不过,同样是在这个月,字节在另一条战线上却显得有些沉默。小龙虾的热潮席卷全国,腾讯在总部门口排起了长龙,帮用户装机,而阿里也推出了CoPaw,各大公司都在争抢Coding Agent的入口。

字节的举动是什么呢?他们推出了飞书的OpenClaw插件,火山引擎也跟进了ArkClaw。这些工具虽能用,但并没有显示出强劲的进攻态势。在腾讯门口排队的那周,豆包主App里甚至还没有龙虾的相关入口。

就在这个月,一条人事变动引起了行业的关注。根据《晚点》报道,前DeepSeek的核心研究员郭达雅加入了字节的Seed团队,主要负责Agent方向。
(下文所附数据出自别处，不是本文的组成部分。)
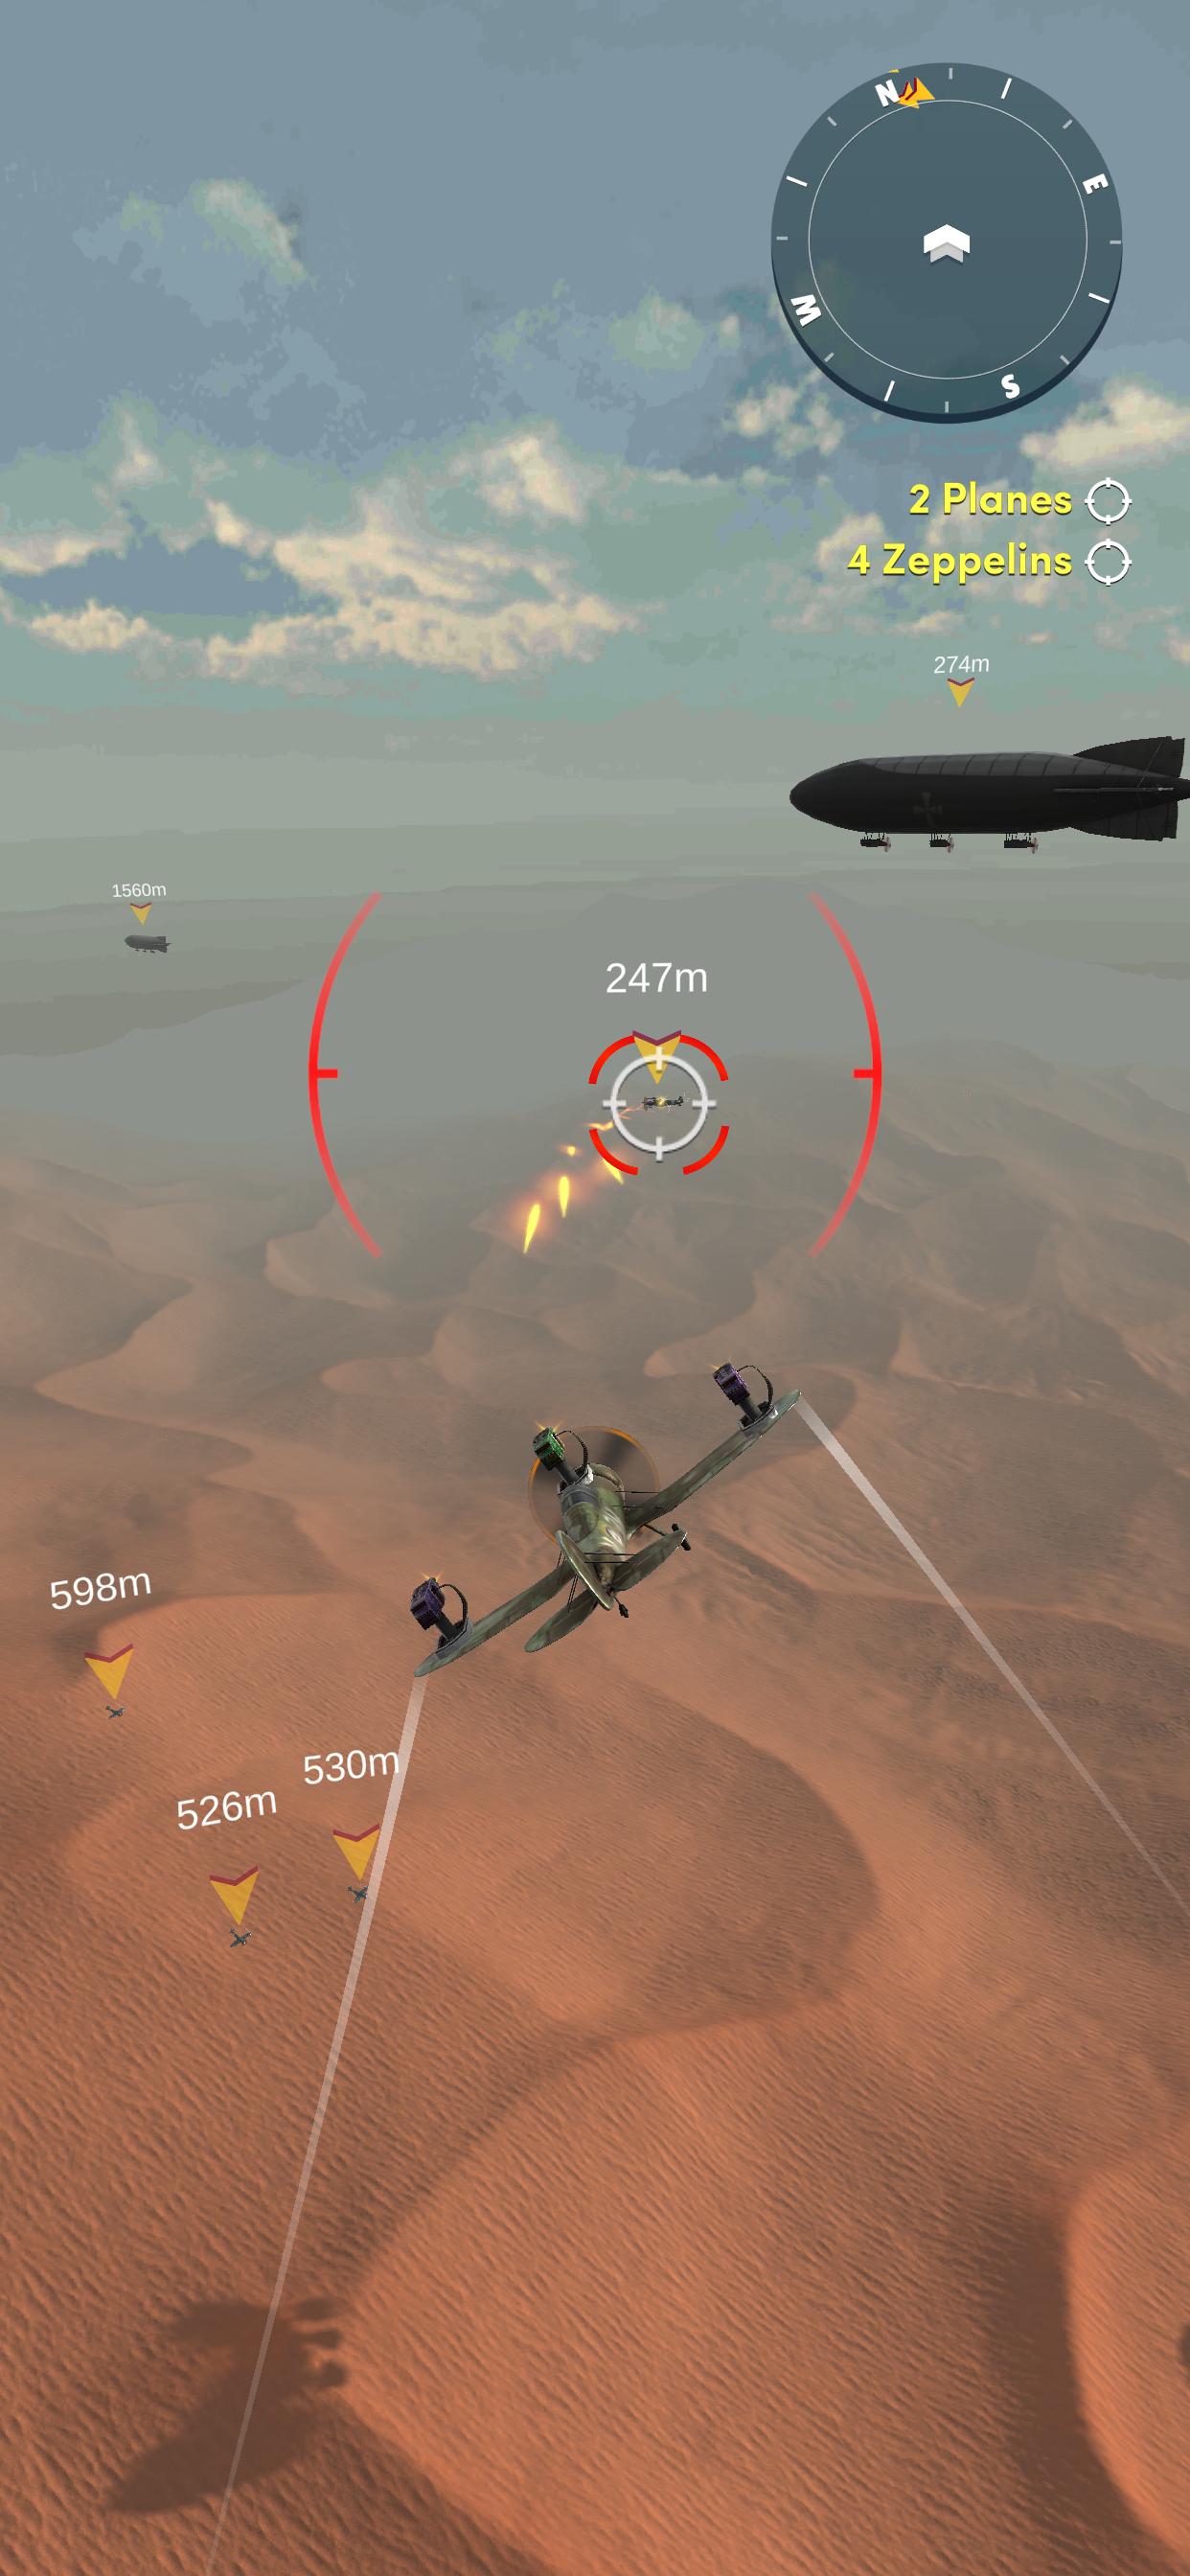 shoot down planes battlefield 5

他的薪资包接近国内顶尖AI人才的水平。

不过,字节方面否认了“近亿元年薪”的传闻,抖音集团的副总裁李亮在社交平台上表示报道不实,并强调Seed团队的薪酬体系是统一的。

尽管如此,这也间接证明了郭达雅确实入职字节的消息。

虽然具体的薪资数字各有说法,但信息传递的信号非常明确。字节正在为一场新的战斗进行兵员储备,而这场战争并不在聊天框中。

一、Seed团队的背景

要弄明白字节为什么在这个时候引入郭达雅,得先看看Seed团队过去一年的发展历程。

字节Seed成立于2023年,专注于大模型基础研究。2025年2月,前Google Fellow吴永辉加入字节,负责Seed的工作。

他在谷歌待了17年,最初从事搜索排名工作,后来转向Google Brain,推动深度学习在翻译和搜索中的应用,是谷歌内部技术职级最高的专家之一。

不过,他接手时情况并不简单。这个上千人的团队在追赶中投入了数十亿,终于训练出一款进入国内顶尖水平的基础模型,但不久后便被DeepSeek的小团队的成果打了个措手不及。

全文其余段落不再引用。